Продавец свежевыжатых соков напевает под нос песенку о трех яблоках с неба. Я сажусь на скамейку, смотрю на Каспий и пытаюсь запомнить его таким спокойным и меланхоличным, какой он сейчас и каким перестанет быть через считанные недели.
Уборочные машины с жужжащими шасси-щетками проезжают вправо-влево, распугивая стаи чаек. Мягкий солнечный свет затопил город по самые крыши; ветер уже потерял августовский жар – в нем появились мятные оттенки и нежность. Какая-то притягательная неторопливость есть в такой погоде. Хочется забыть про все дела и погрузиться в сочно-зеленую гущу деревьев, где тихое течение каспийских вод напоминает движение знойного луча, настигающего затаившуюся тень.
Я люблю эту пору в Баку. Называю ее летней осенью и каждый раз искренне надеюсь на то, что сумбурные будни остались позади. Можно отложить в сторону папки «Прошлое» и «Будущее», не думать ни о чем и жить подобно воздушному змею, которого запустили в погожий день по волнам летне-осеннего ветра. Этот ветер можно почувствовать только в Баку после первых десяти дней сентября и до пятнадцатой ночи октября.
Гудок проплывающего парома возвращает меня в реальность. Надо бежать. Иначе, пока я дойду до кондитерской, горячие шор-гогалы разберут. Айлар мне этого не простит.
***
Мне нравится раннее утро, когда люди сонные. По-настоящему сонные, со слипающимися глазами, сбивчивой речью, зевающие и потягивающиеся. В такие моменты люди настоящие, неподдельные. Айлар просыпается от аромата тмина и фенхеля, которыми начинены гогалы – несладкие слоеные булочки со смесью восточных специй внутри. Я даже не успел их достать из бумажного мешочка, а они уже заполонили всю квартиру своим запахом. Румяненькие, посыпанные кунжутом, нежно-желтые от куркумы и сливочного масла.
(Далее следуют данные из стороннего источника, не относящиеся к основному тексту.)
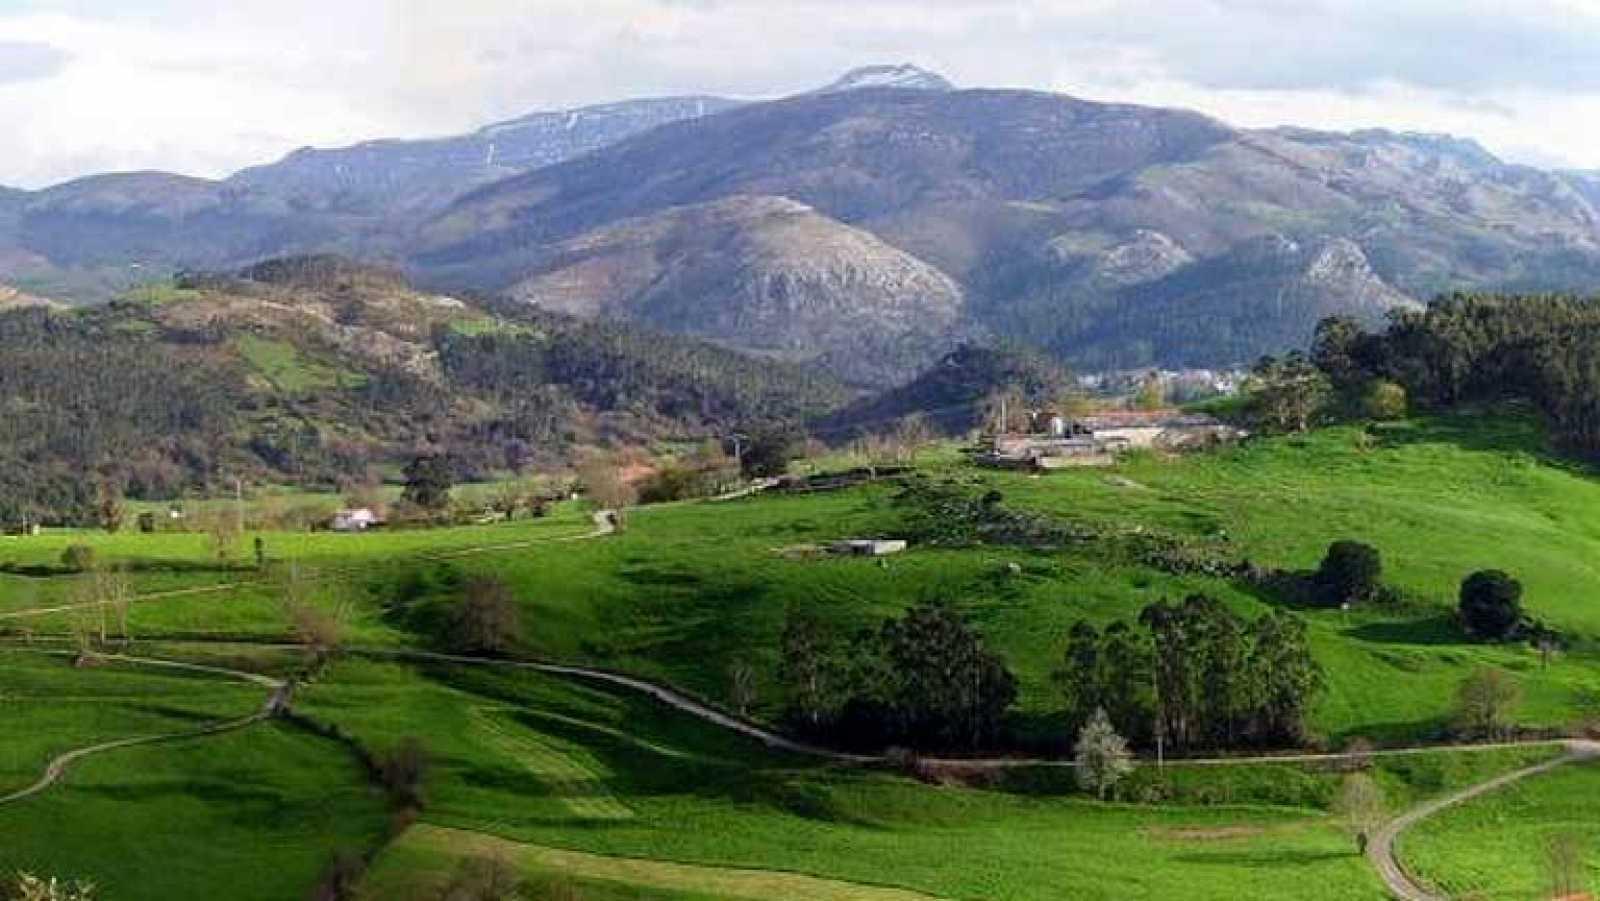 Zoom Tendencias - Cantabria, una escapada para todos los gustos -12/10/13 - ver ahora

Я поднимаю шторы, открываю окно, и на подоконник, вальсируя, опускается сухой лист платана. Эти листья появляются на моем окне каждый сентябрь. Остается гадать, откуда они берутся на улице, где растут только тополя, и каким образом долетают до седьмого этажа. Знаки приближающейся осени… Она является в Баку не внезапно хлынувшим дождем, а с осторожностью первого поцелуя. Никаких резких движений, постепенно, выжидая, чтобы горожане успели привыкнуть к каждому следующему шажку. Сначала мятные дуновения и чуть заметная пасмурность; потом редкие дожди с буйными ветрами; наконец все проявления сезона смешиваются в одну большую непогоду и накрывают южный город.
Айлар открыла глаза, в молчании наблюдает за мной, пока я рассматриваю небо. Облака на нем взлетели ввысь, отсвечивая темной синевой. Как-никак, осень приближается! Безумно рад этому. Так хочется дождей с большими зонтами, запаха корицы от сгорающих сухих листьев в парках, таинственной прохлады Старого города и свежего бабушкиного гогала со сладким чаем из стакана-армуды.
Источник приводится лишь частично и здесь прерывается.